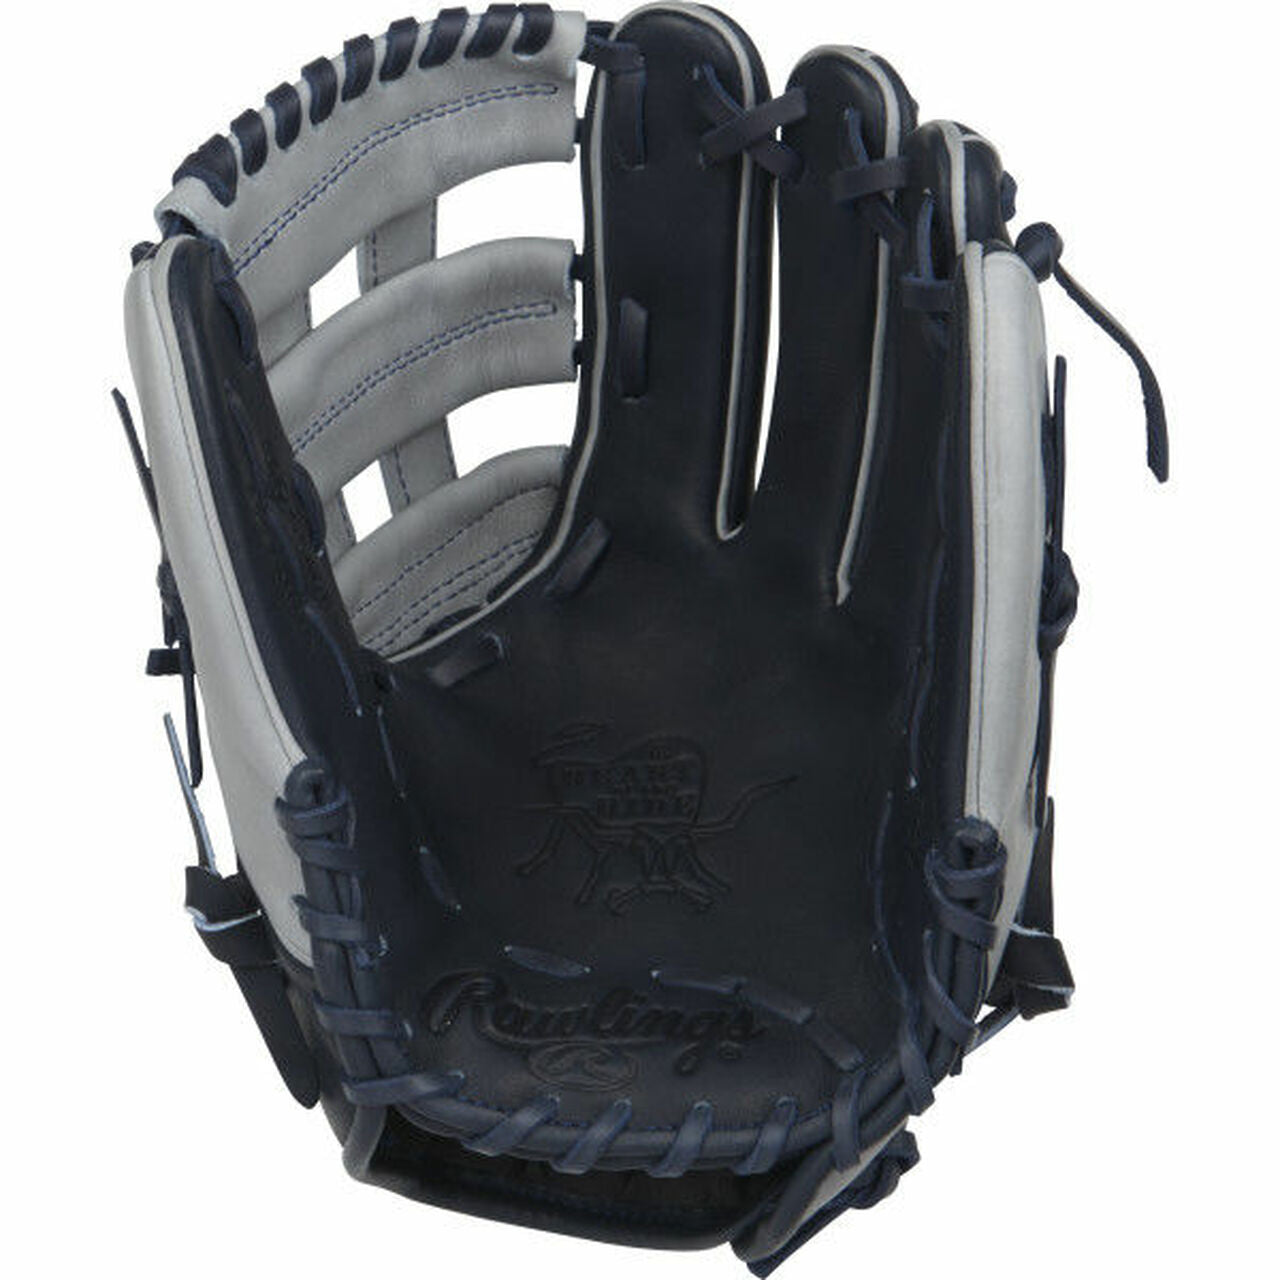 Rawlings Baseball Glove Color Sync All Positions 11.75in
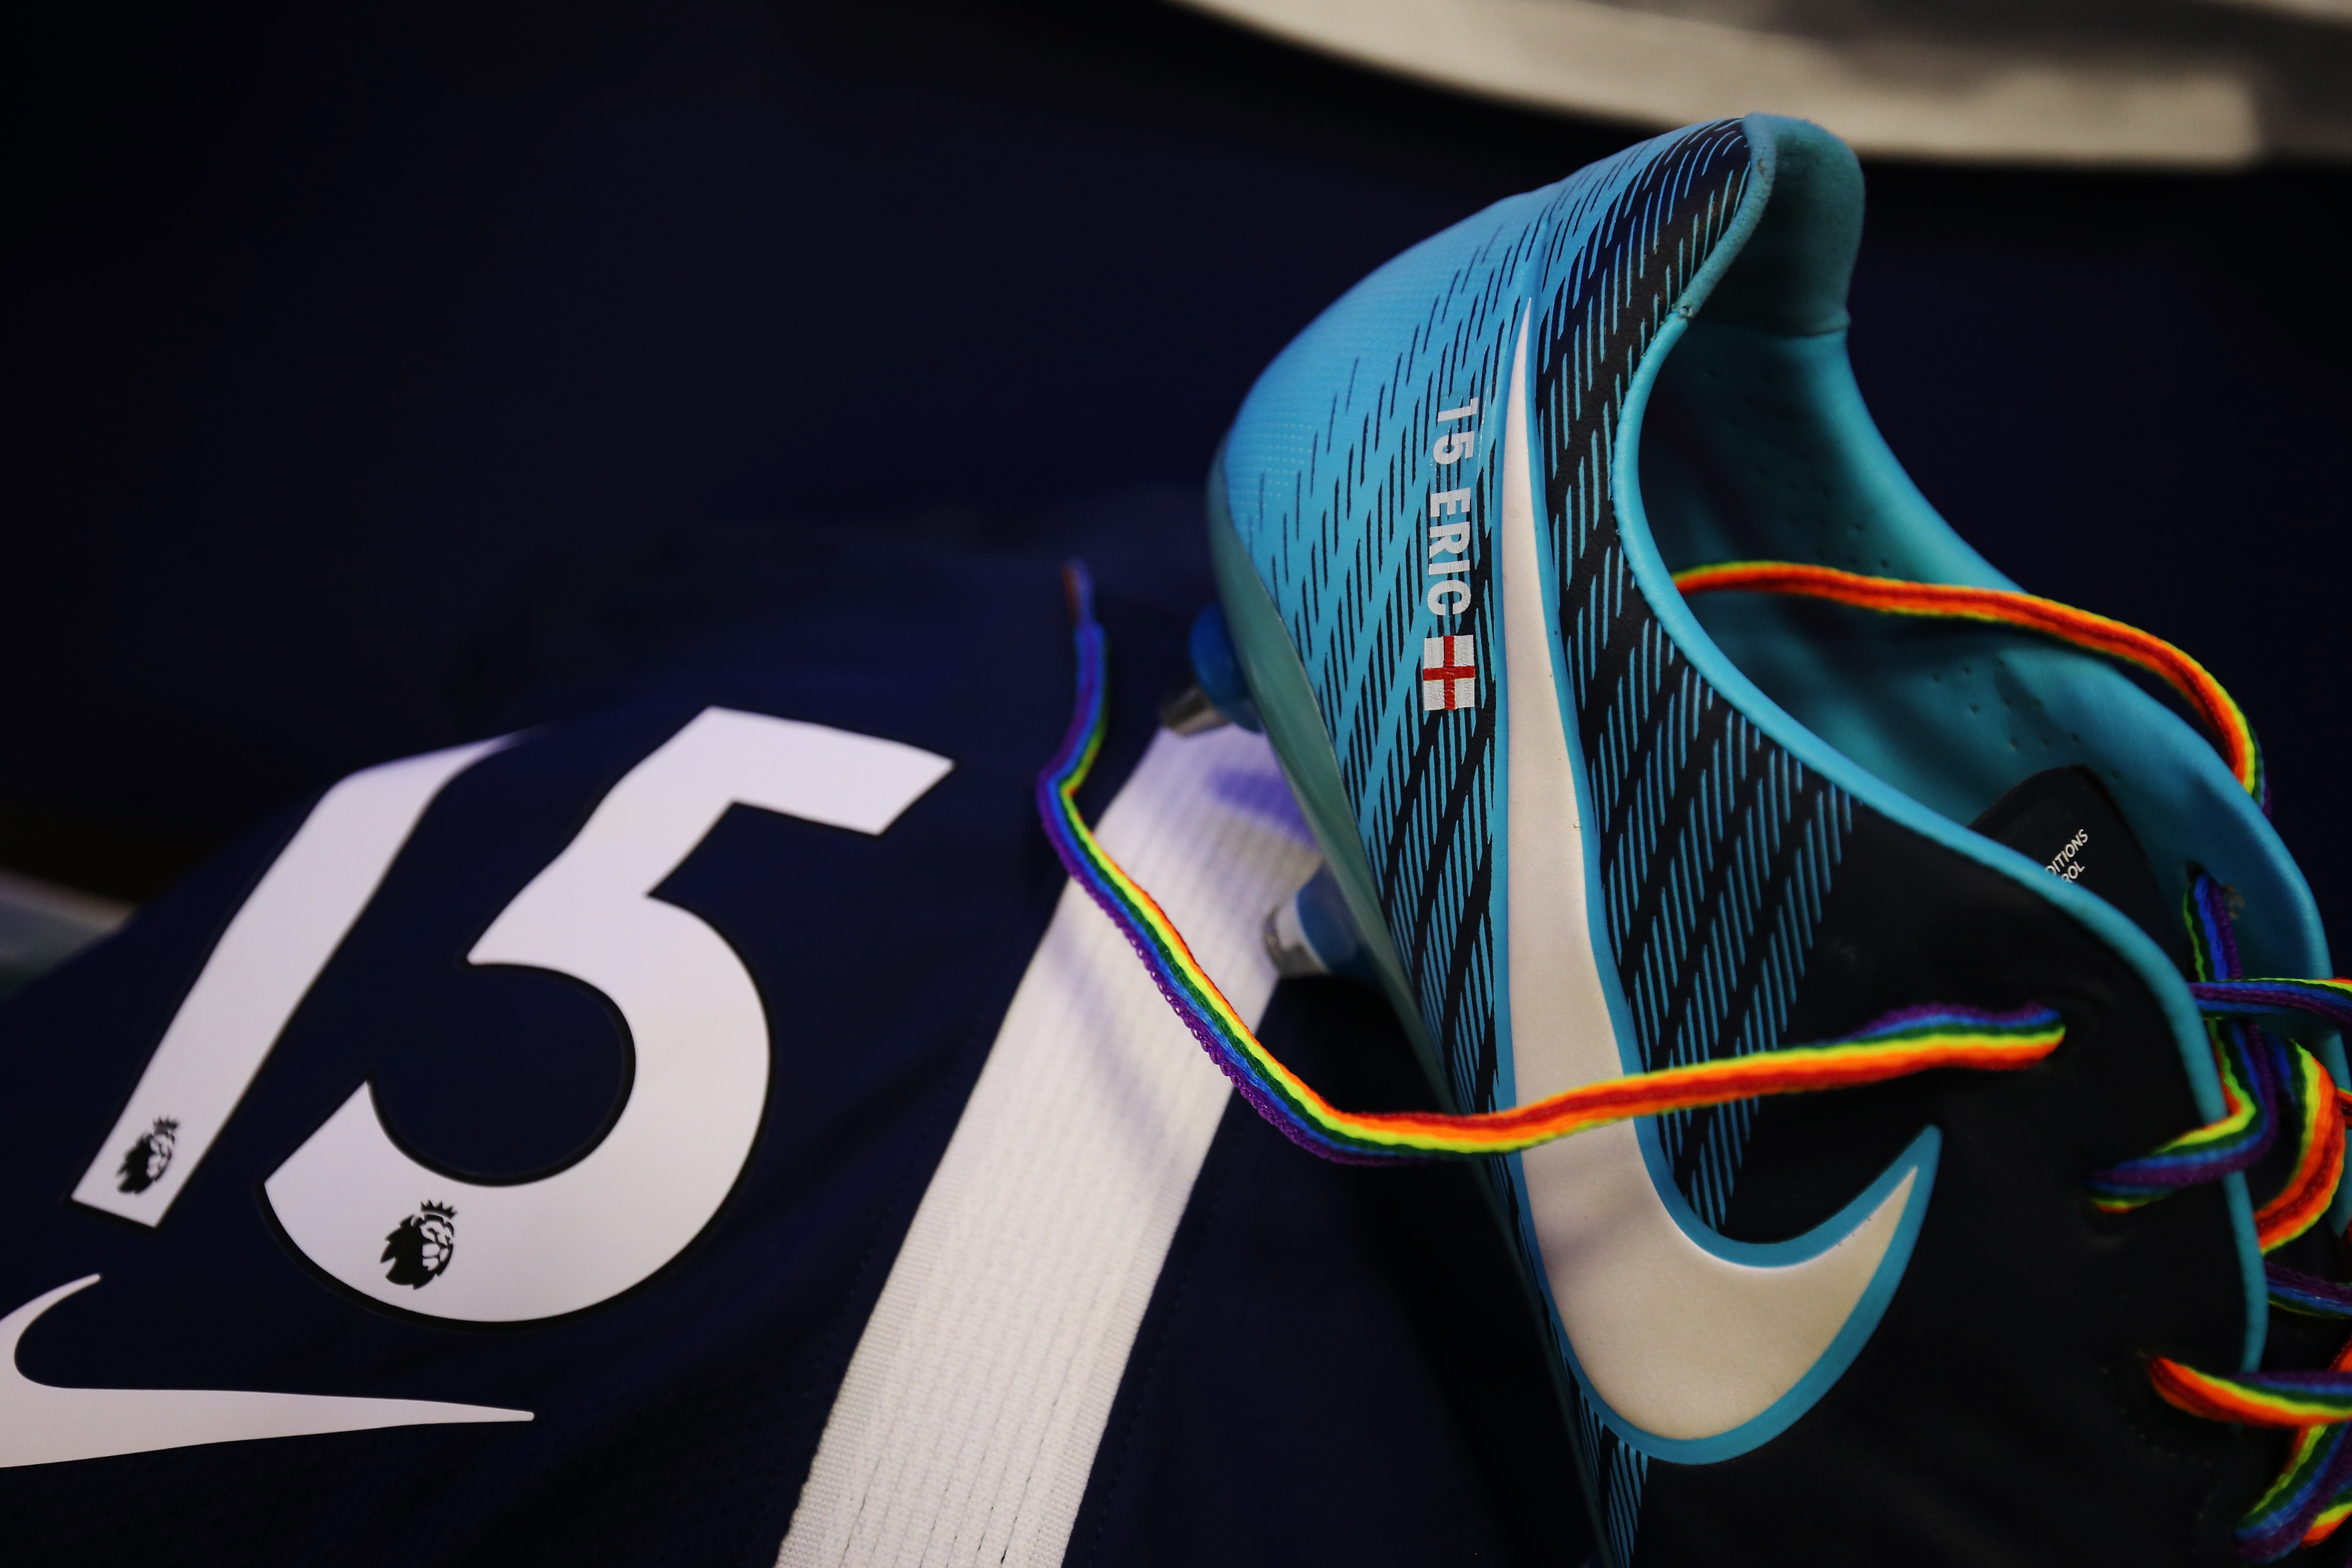 Photo displays a football boot with rainbow laces.
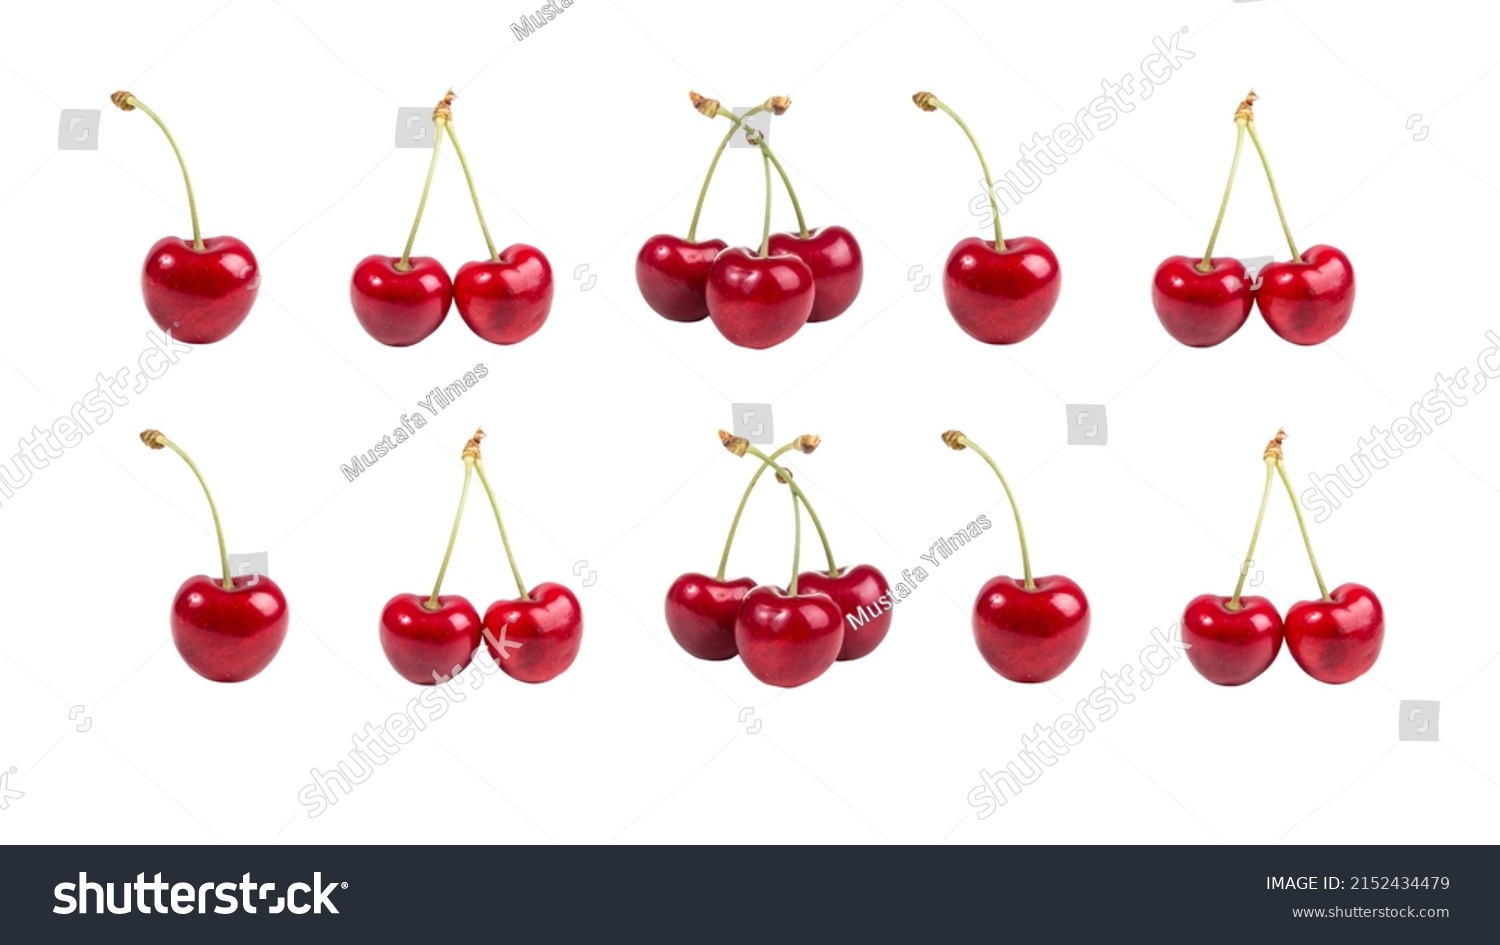 Cherries over white background, different quantities of cherries, isolated cherry, grouped cherries, isolated photo #2152434479

▶ [About this exercise] Leave the pictures out and reproduce exactly the lines from the line with "Photo displays a" to the end of the material above.

▶ [Written solution]
 Photo displays a football boot with rainbow laces.
 Cherries over white background, different quantities of cherries, isolated cherry, grouped cherries, isolated photo #2152434479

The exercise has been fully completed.